The state-owned bridge that spans the Shawsheen River on The Great Road is expected to be named posthumously in honor of a retired local Air Force pilot whose military career was “nothing short of heroic, selfless, and pretty-darn amazing,” according to a high-ranking advocate for veterans.
Legislation designating the Major Barry Allan Seidman, USAF, Memorial Bridge may be signed into law in time to plan formal ceremonies on Veterans Day, said State Rep. Kenneth Gordon, who is shepherding the process.
Seidman and his wife and son lived on Selfridge Road for almost 40 years, beginning after his retirement from the Air Force. He helped run his family’s office-supplies store near the MIT campus until his death in December 2020.
Peter Demarkis, national service officer for Paralyzed Veterans of America, informed Gordon that Major Seidman received the Silver Star for bravery and “36 air medals for acts of bravery, heroism, and valor. Air medals are awarded for single acts of heroism and merit during combat operations. There are not likely many other airmen with as many combat missions or logged combat hours.”

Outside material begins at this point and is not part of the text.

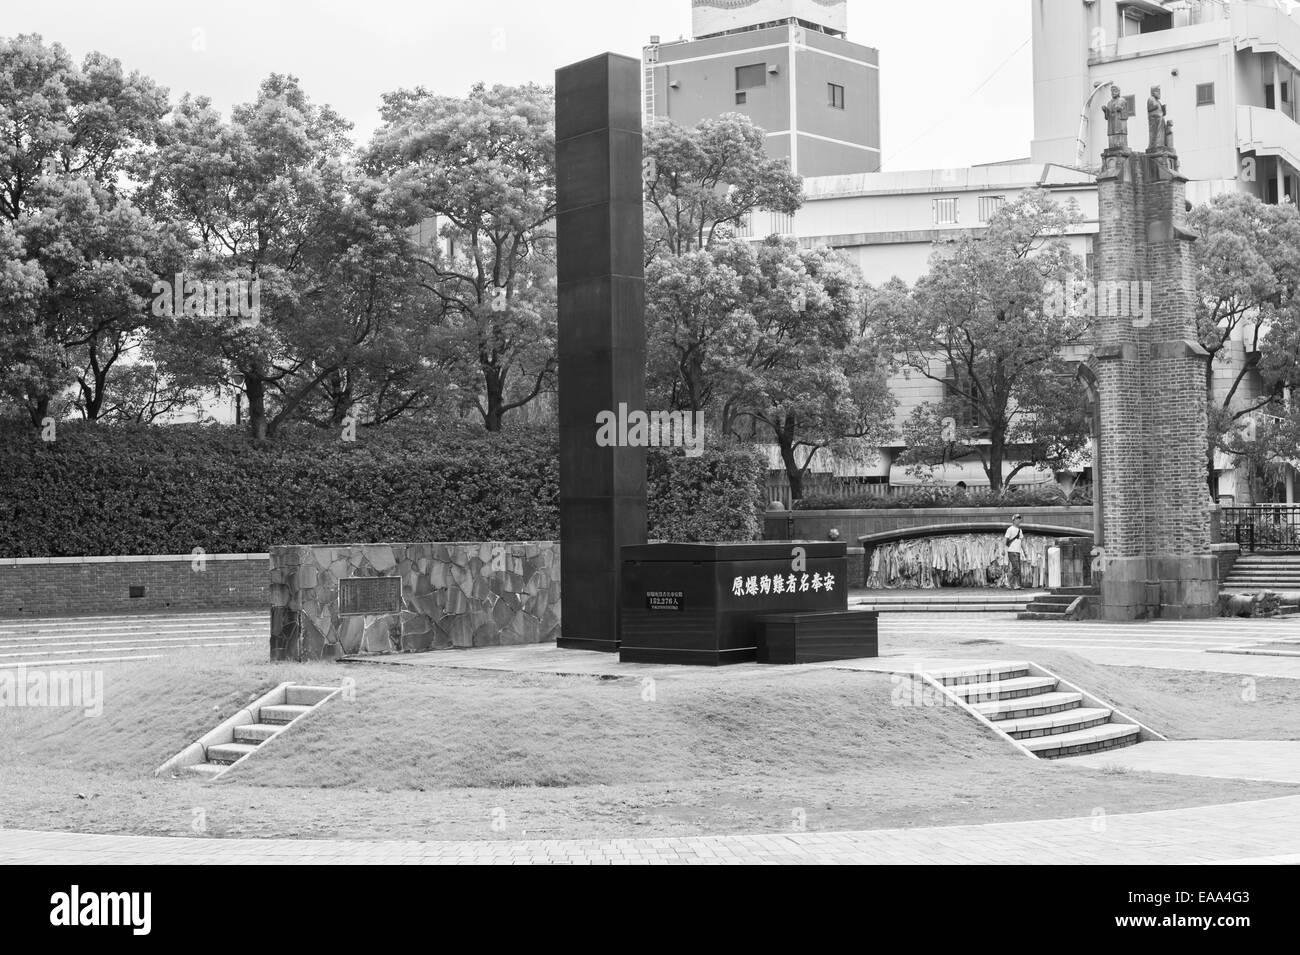 Ground zero memorial at epicenter of atomic explosion,Nagasaki prefecture,Kyushu,Japan - Stock Image

“When we come across service records of someone like Major Seidman that is so exceptional, so rare and so heroic, it’s up to us as a society to recognize it,” Gordon stated. “We need to teach our children about our heroes. And naming a bridge helps us tell this story and provides a reason for people in Bedford to remember that story.”
Gordon said State Sen. Michael Barrett co-sponsored the proposal and is overseeing it through the Upper Chamber “to make sure it is adopted and sent on to the governor.”
Seidman joined the Air Force in 1962 after graduating from Boston University, where he was a member of the Reserve Officer Training Corps. During his deployments in Vietnam, Demarkis said, he logged more than 1,400 combat hours and more than 900 combat missions. Pilots had the option of rotating home after 100 missions.
“One instance of the major’s selfless service was on March 24, 1967; Maj. Seidman continuously flew over three Vietnamese battalions very low to the ground, as to draw the attention and fire away from surrounded U.S. Army units below,” Demarkis related in a memo to Gordon.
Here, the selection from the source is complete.